I think 15 months is fine.

My daughter is 18 months and needs a haircut but my husband is stuck on the fact that he does not want her hair cut. Thankfully she doesn't mind hair bows in her hair. Otherwise she looks like a sheepdog.


----------



## MCatLvrMom2A&X (Nov 18, 2004)

Never







seriously dd didnt have a hair cut until she was 8yo not even bangs at 8 she wanted bangs so we got them.

I used hairbows to hold dd's hair up off her eyes when it got long enough. I used the kind that would hurt if she pulled them so it was never an issue.


----------



## Materfamilias (Feb 22, 2008)

I had to cut DD's bangs really early because she takes everything out of her hair (bows, bands)







so I can't tie it back and she grew this really bizarre Mohawk shock of hair in the center of her head right down to her eyes.
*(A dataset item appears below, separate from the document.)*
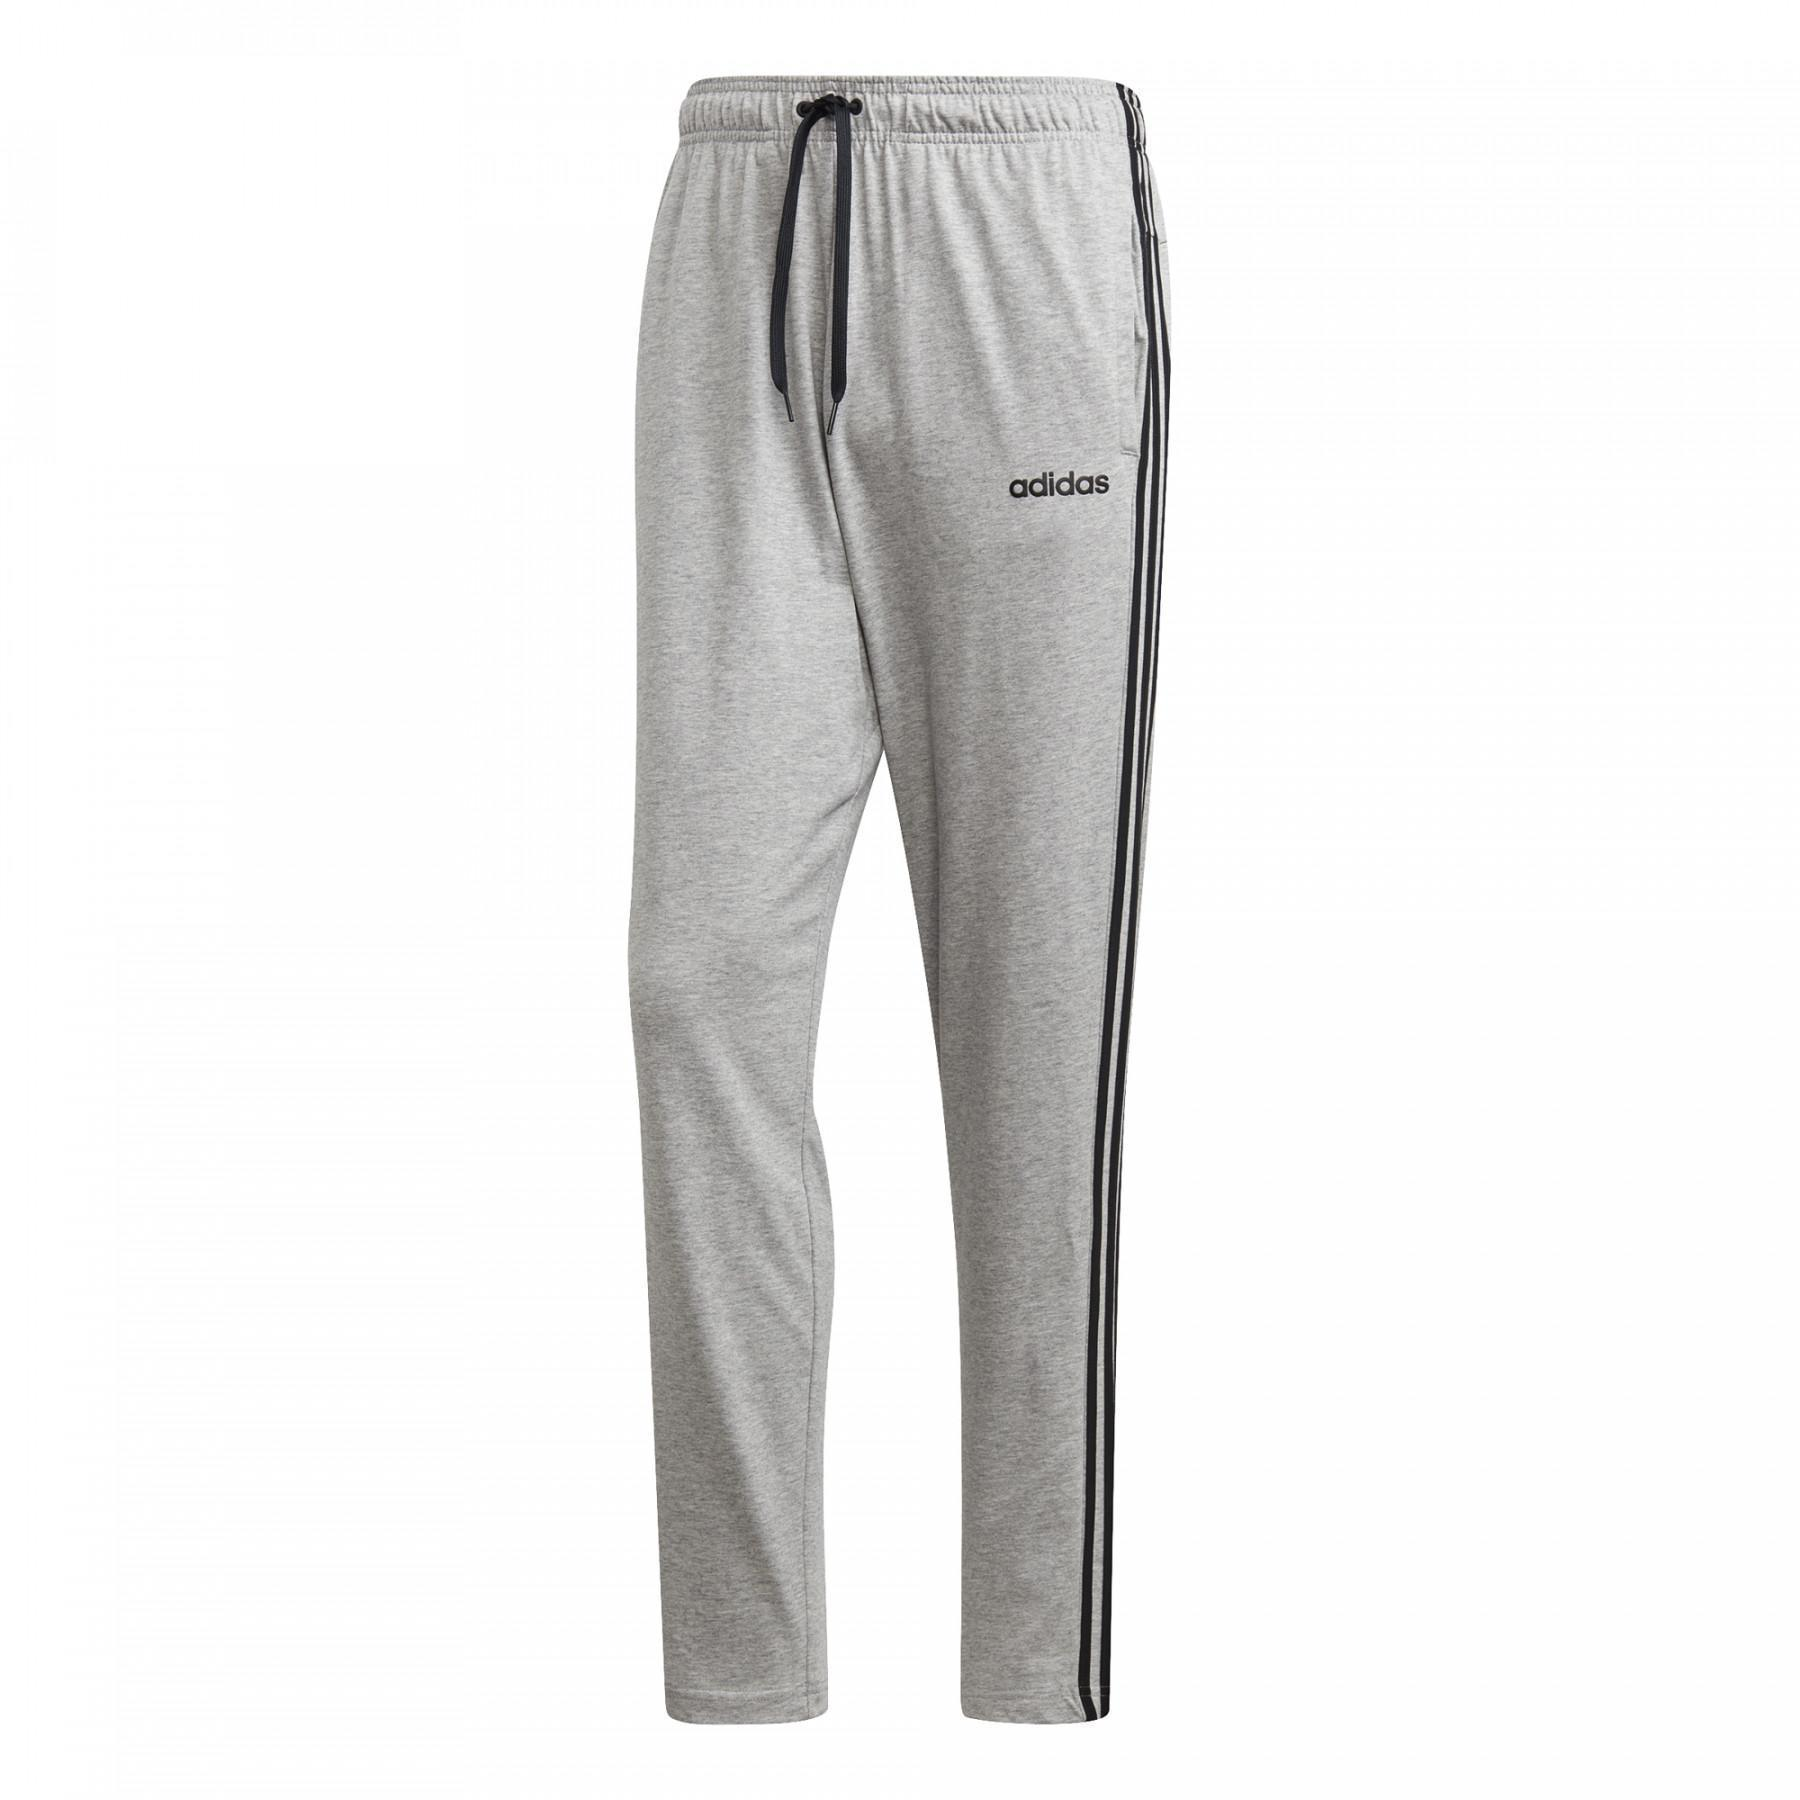 Arte sílaba padre  Pantalon adidas Essentials 3-Stripes Tapered Open Hem

I think I trimmed it at about a year and then had a professional do it at 15 mo and she needs another already.


----------



## SparklingGemini (Jan 3, 2008)

I trimmed DD's hair myself when she was about 18 months because it was getting scraggly at the ends and tangling more. We're talking like 1/4-1/2". Also, since she had a bald spot as an infant, she has two layers of hair in the back and I'd like to keep trimming the bottom layer so the top layer will eventually catch up.
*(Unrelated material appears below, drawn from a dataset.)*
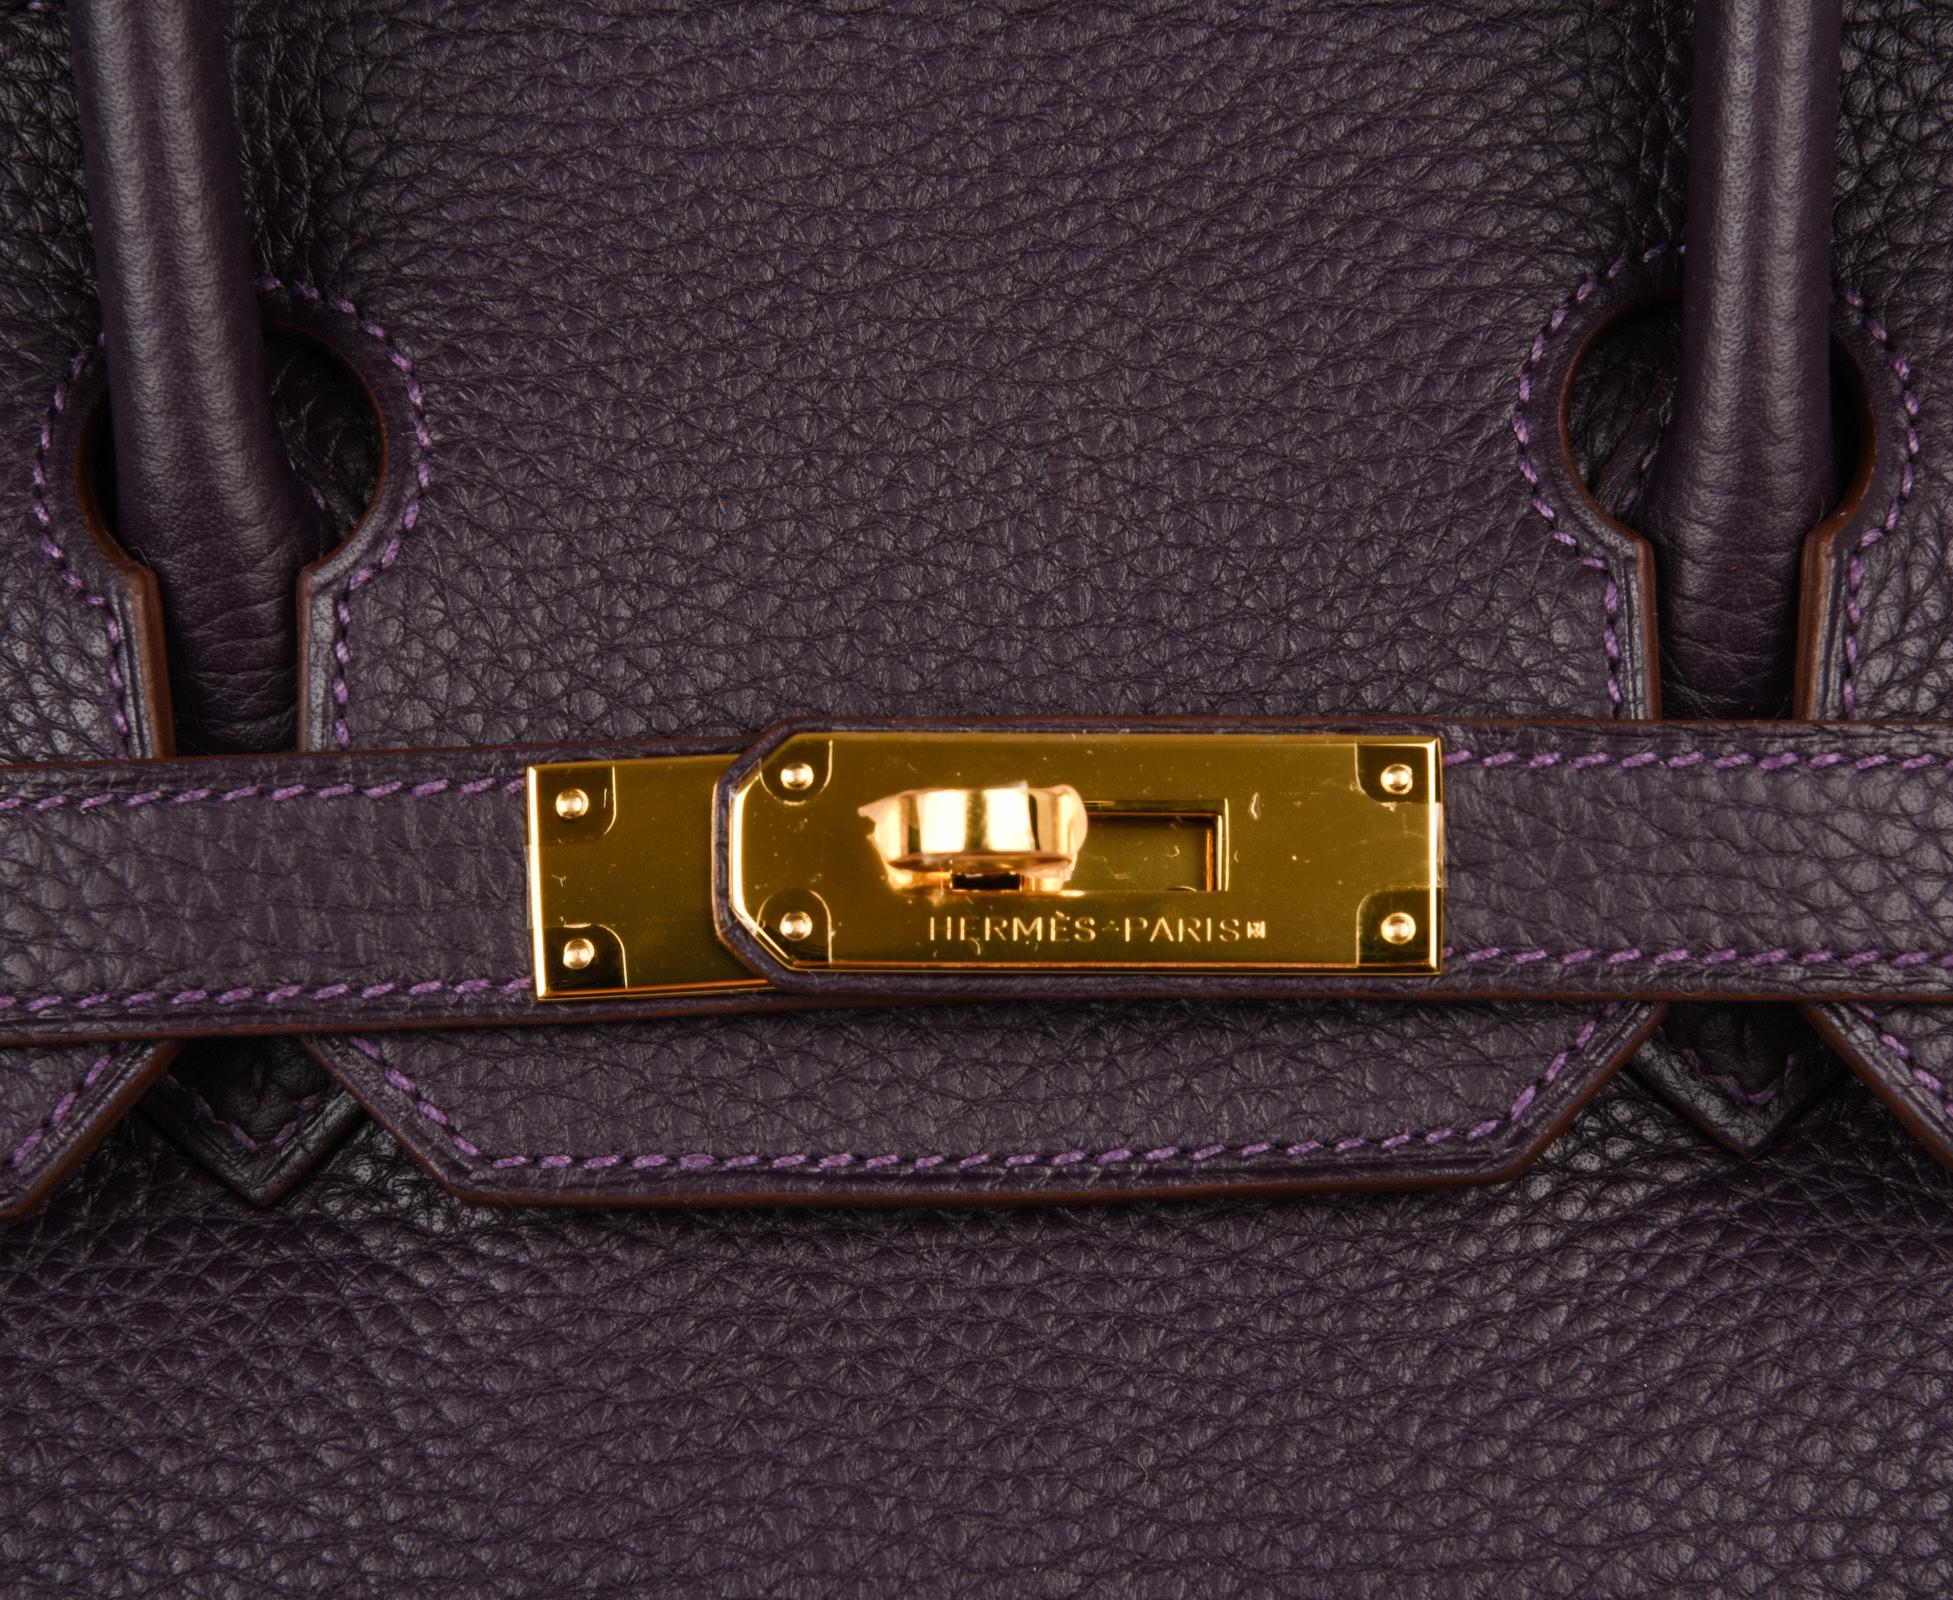 6adfc1332588 ... where can i buy womens hermes birkin 30 rich raisin gold hardware  original colour togo bag

As for taking her to get it CUT? Probably won't be for a LOOOOOONG time.

_I_ haven't even my own hair professionally cut in nineteen years.


----------



## limabean (Aug 31, 2005)

DD is 20 months and hasn't had her hair cut yet. I don't want to do bangs and she's good about leaving a clip in, so I'm trying to let it grow so that all of it is at least shoulder-length and then get a blunt cut and let it grow out from there.
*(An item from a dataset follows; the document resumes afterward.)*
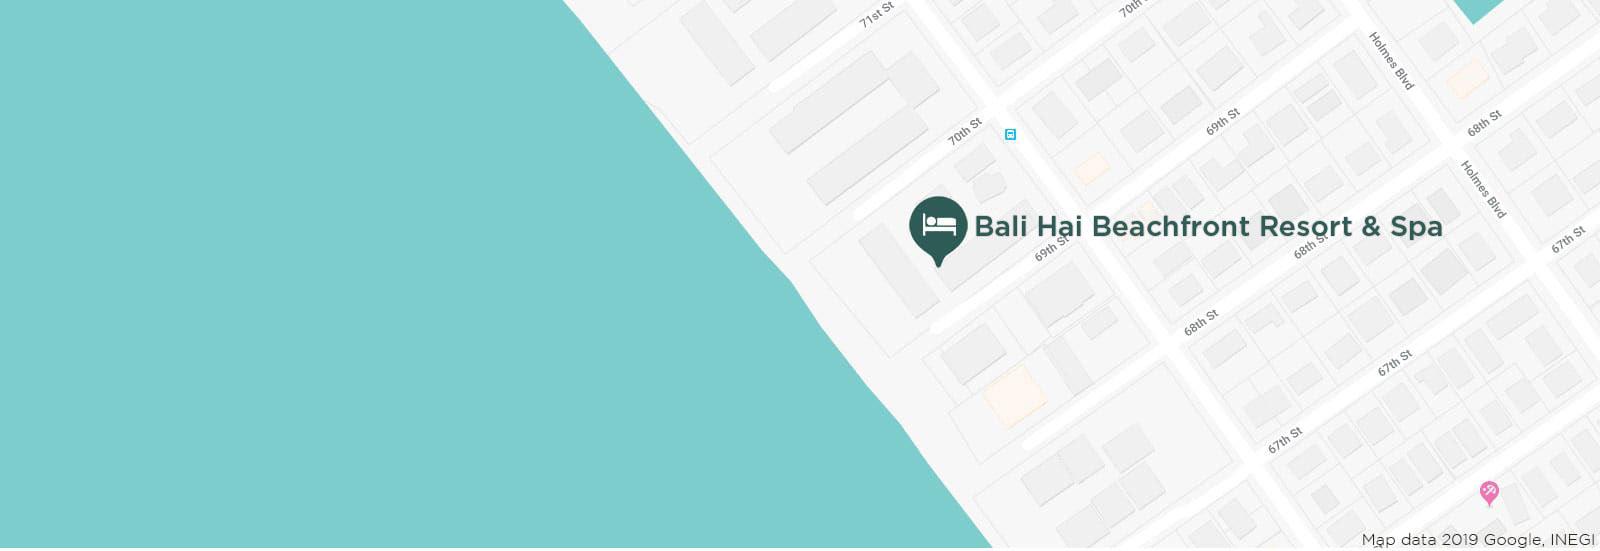 Bali Hai Beach Resort Vacation Rentals Location

It looks a little strange these days -- definitely not a haircut most people would intentionally go for (kind of a long shag/mullet







), but I think if I wait a few more months we'll be able to do a really cute blunt bob so I'm trying to be patient. I'll be glad to see those fine, tapered ends disappear, although I'm sure I'll be a little wistful about it while they're getting cut for the first time.


----------



## Lynn08 (Dec 2, 2008)

Man, I'm so jealous of all your lo's who have hair long enough to even think about cutting (or tying back or putting a clip/bow in). *sigh* My dd (17mo) is only starting to have anything thicker than peach fuzz, except for one lonely curl in the back that is almost to her shoulders now.









OP, you do know that all haircut question posts require a pic, right? Its in the forum guidelines, in case you were wondering.


----------



## mbm (Jun 14, 2006)

DD is 14 months and I trimmed her bangs on Sunday -- I should have done it earlier, but I was afraid to mess up her hair before Christmas. The bangs are probably a little uneven, but at least they are out of her eyes. I trimmed a few wispies off the back of her baby mullet, too.

She won't stand for barrettes and they fall right out of her fine, straight hair. Our day care provider was able to put her hair into two short ponytails sticking straight up from her head, and she looked like a little bug. It was really cute, but not exactly a style for every day!


----------



## calpurnia (Sep 26, 2004)

Quote:


Originally Posted by *Lynn08* 
Man, I'm so jealous of all your lo's who have hair long enough to even think about cutting (or tying back or putting a clip/bow in). *sigh* My dd (17mo) is only starting to have anything thicker than peach fuzz, except for one lonely curl in the back that is almost to her shoulders now.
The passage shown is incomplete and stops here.